● **WORK INSTRUCTION**
Everything from the line with "POP! Disney: Lilo" down to the line with "Replica Cartier Love Bracelet" below must be printed exactly, those two lines included. Exclude pictures.

● **RECORD SET**
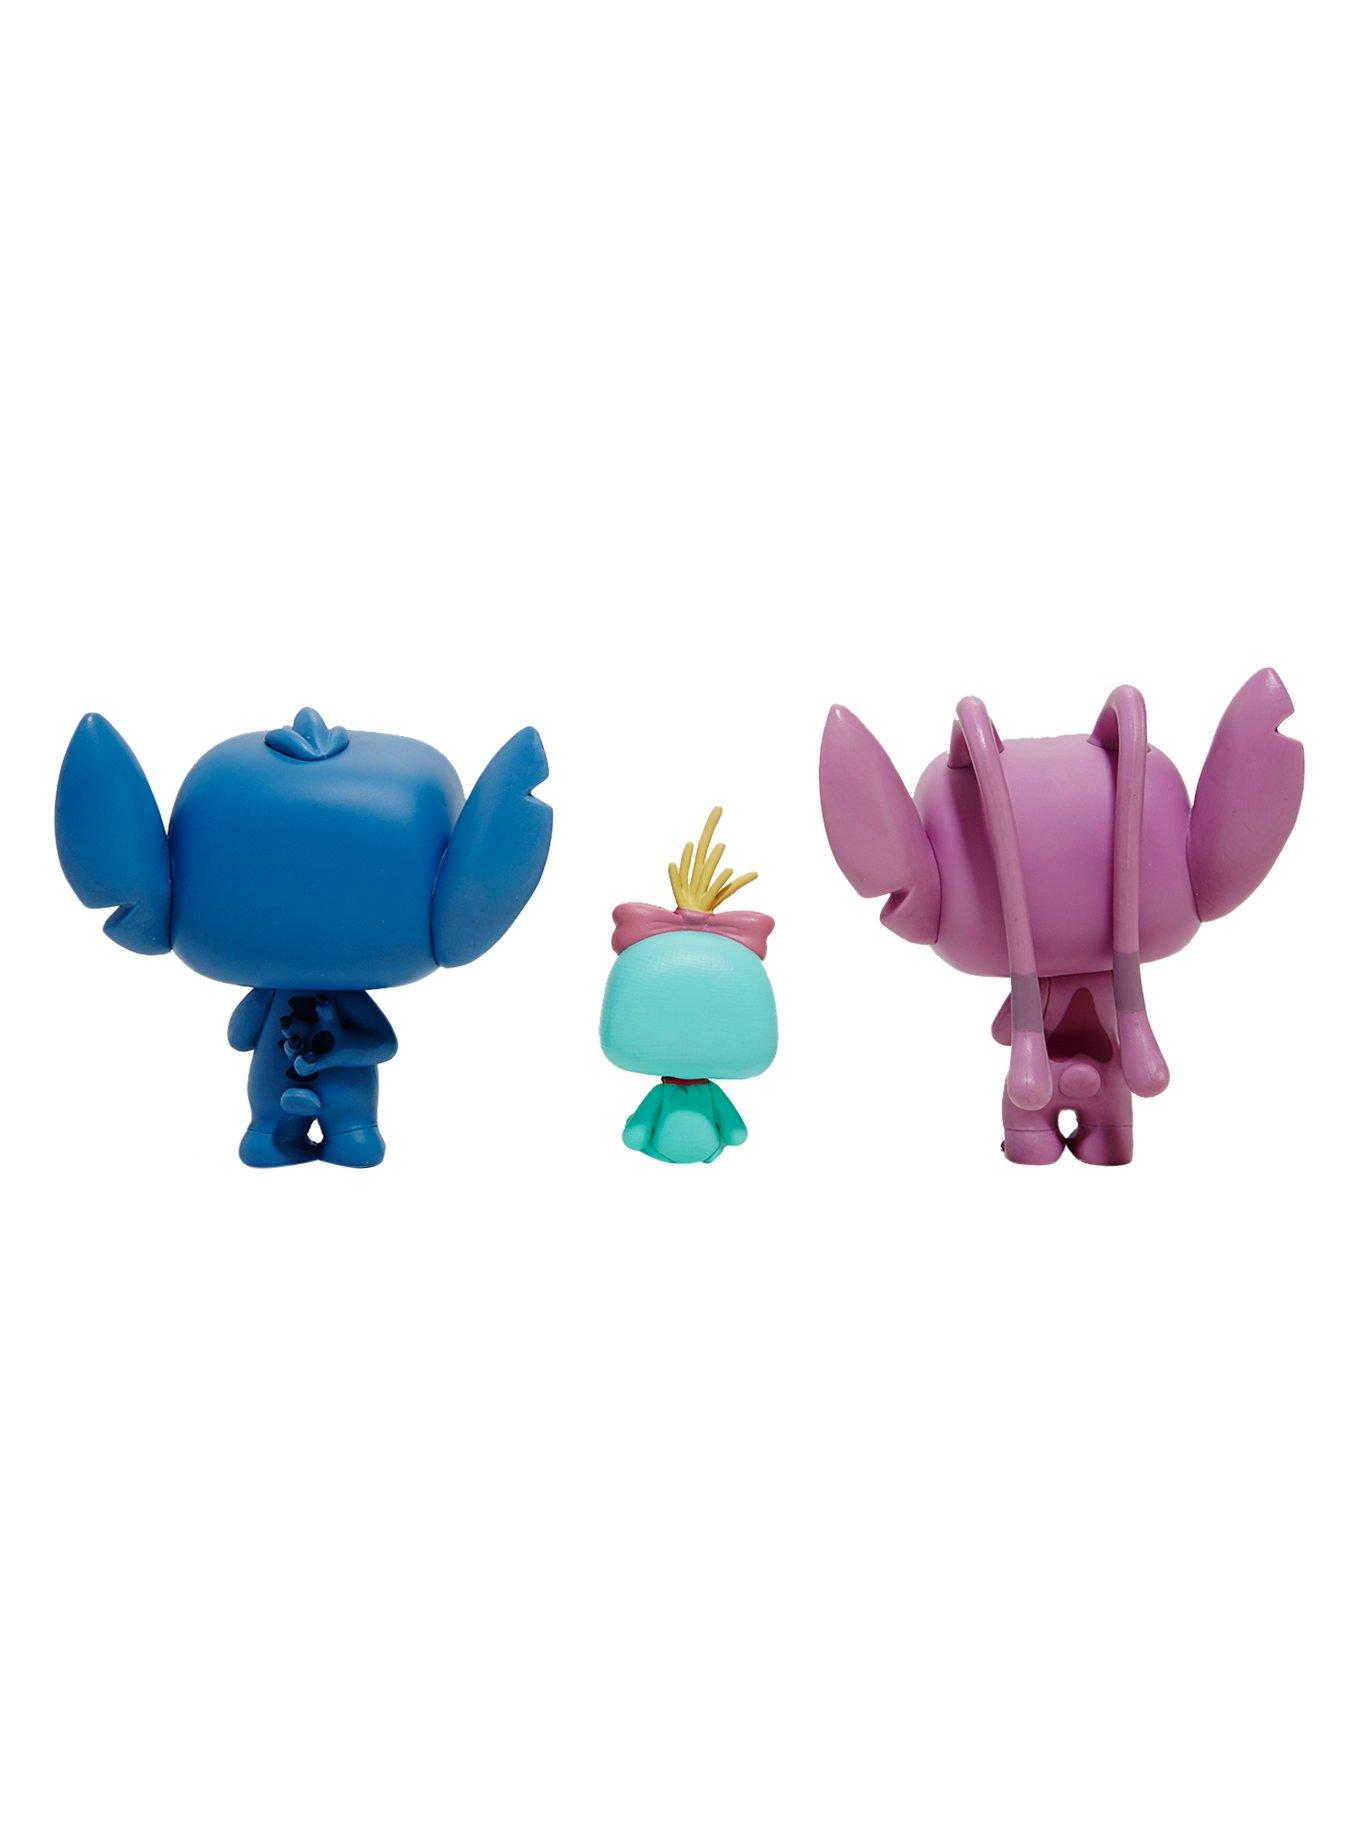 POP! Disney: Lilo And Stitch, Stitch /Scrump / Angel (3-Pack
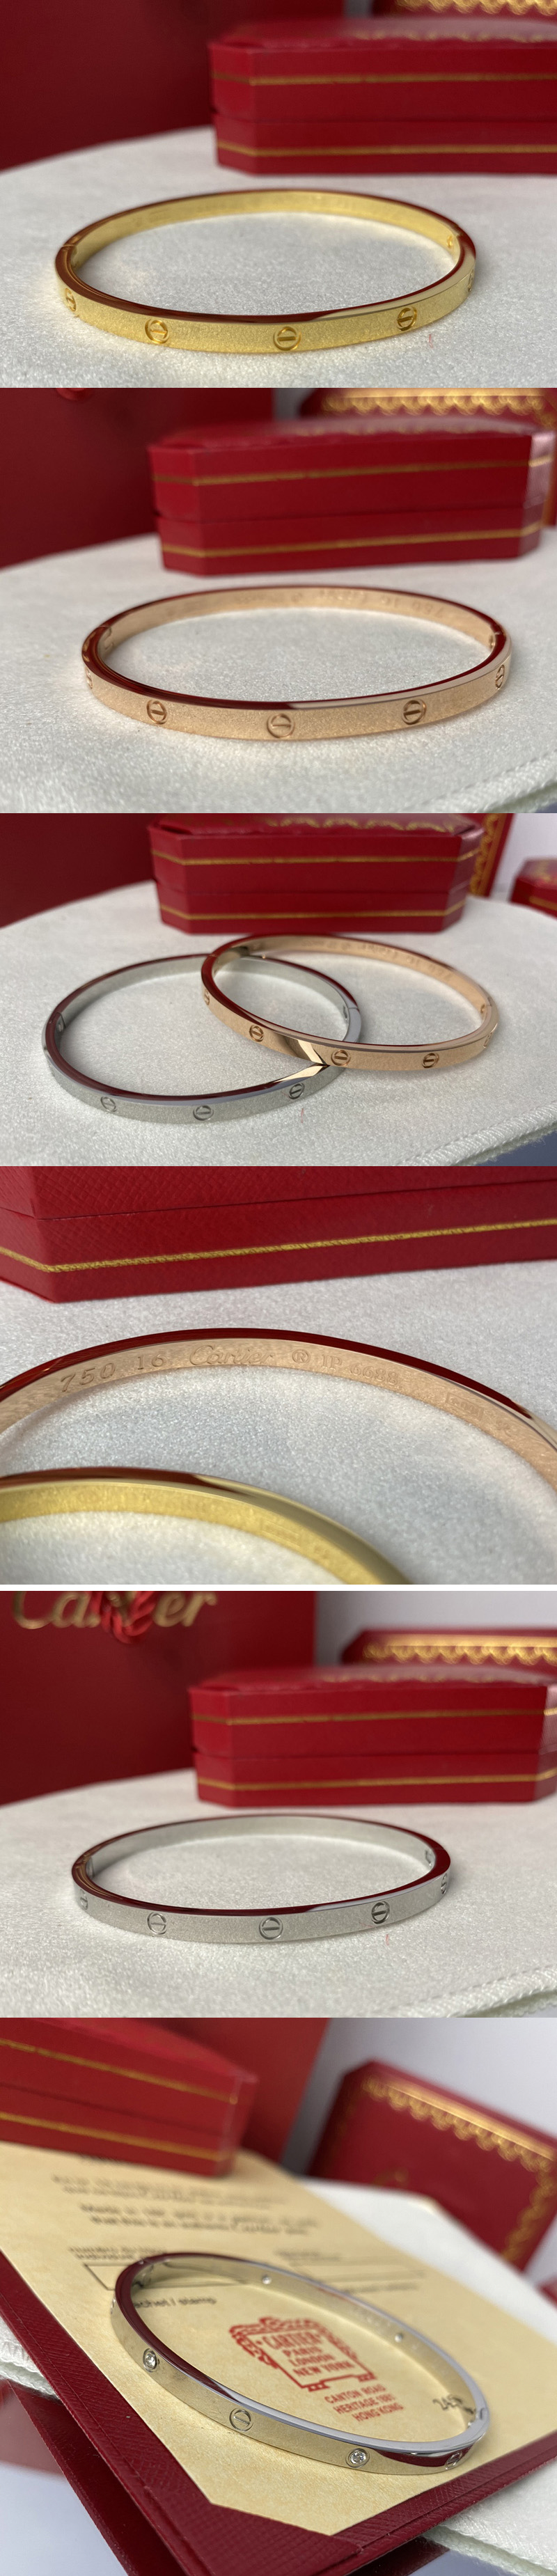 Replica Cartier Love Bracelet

* * *

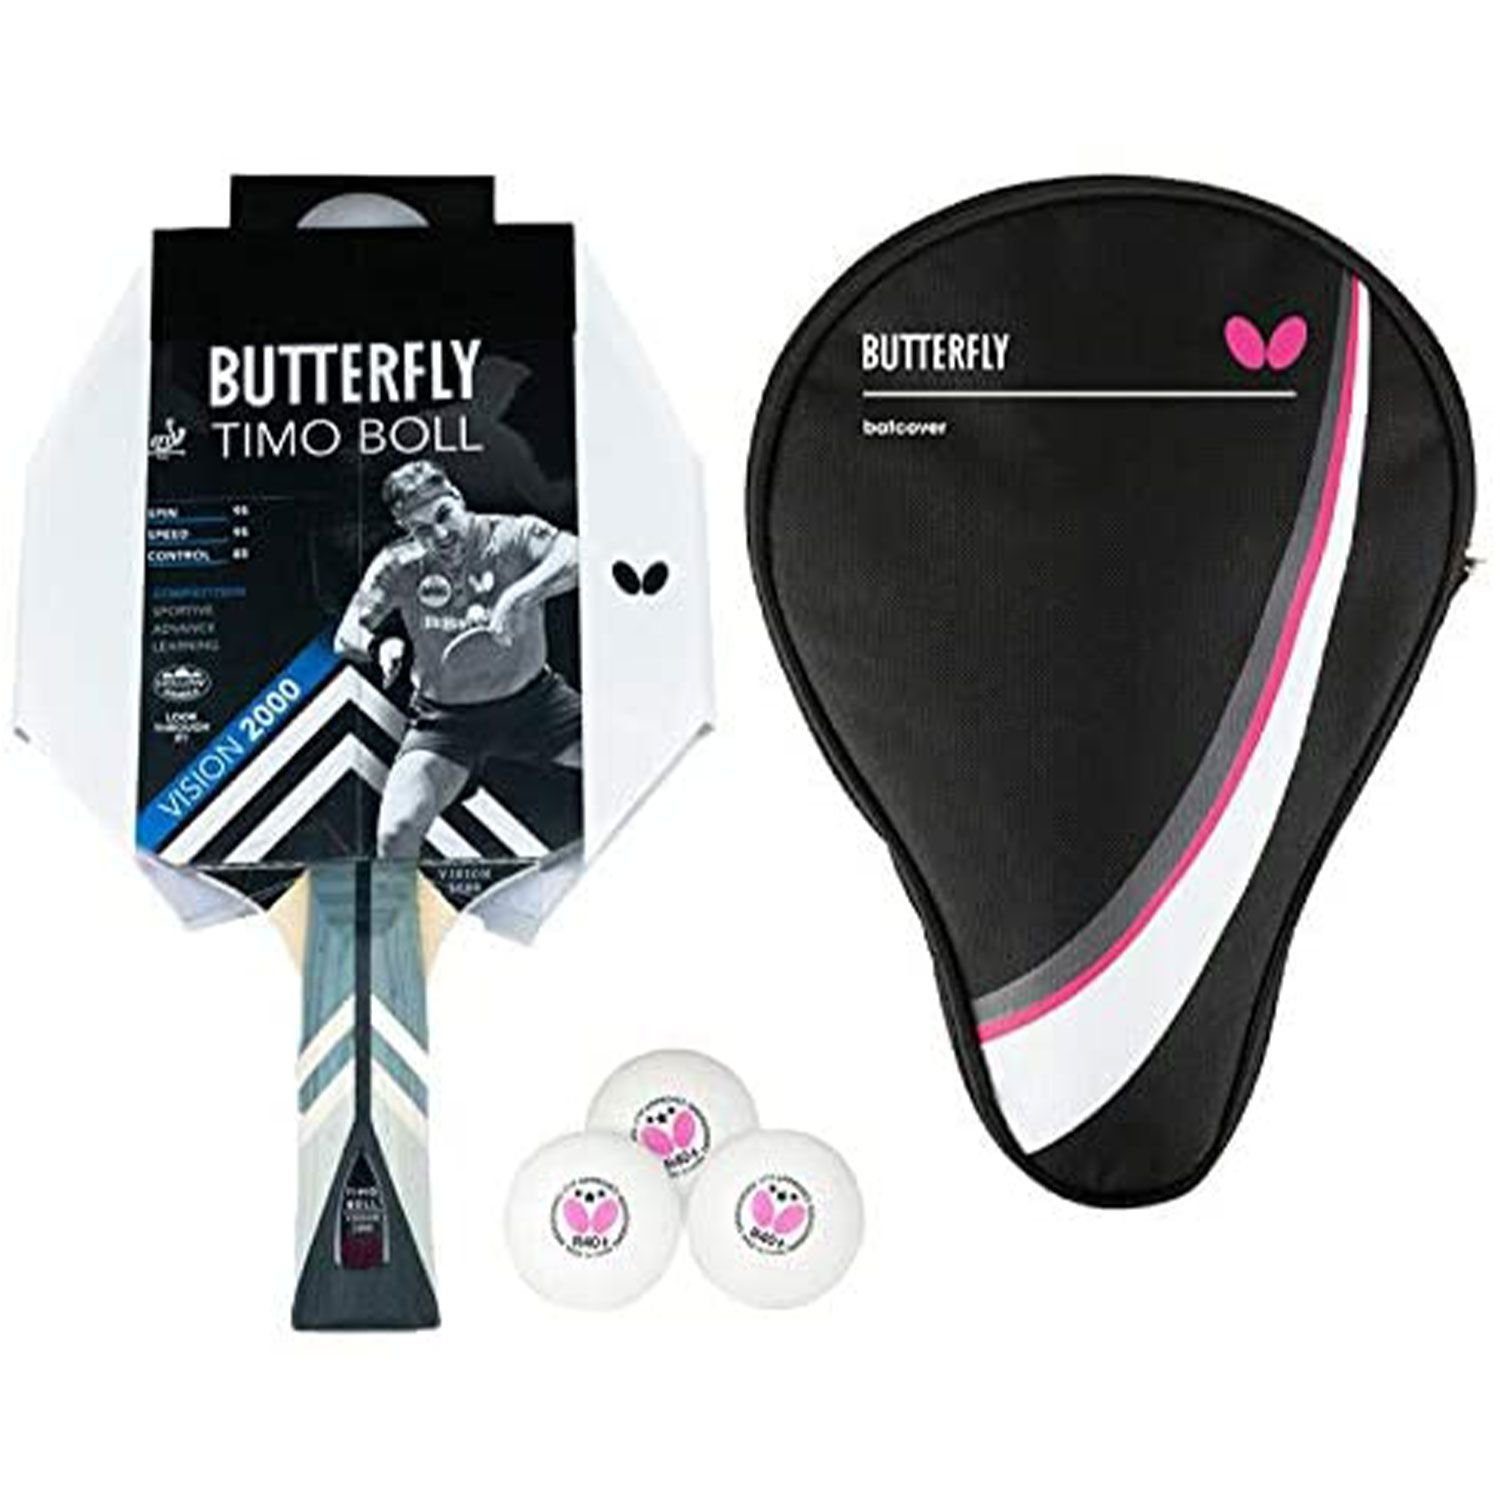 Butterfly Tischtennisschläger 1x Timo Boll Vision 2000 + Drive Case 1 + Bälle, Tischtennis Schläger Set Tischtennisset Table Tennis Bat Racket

● **WRITTEN ANSWER**
 POP! Disney: Lilo And Stitch, Stitch /Scrump / Angel (3-Pack
 Replica Cartier Love Bracelet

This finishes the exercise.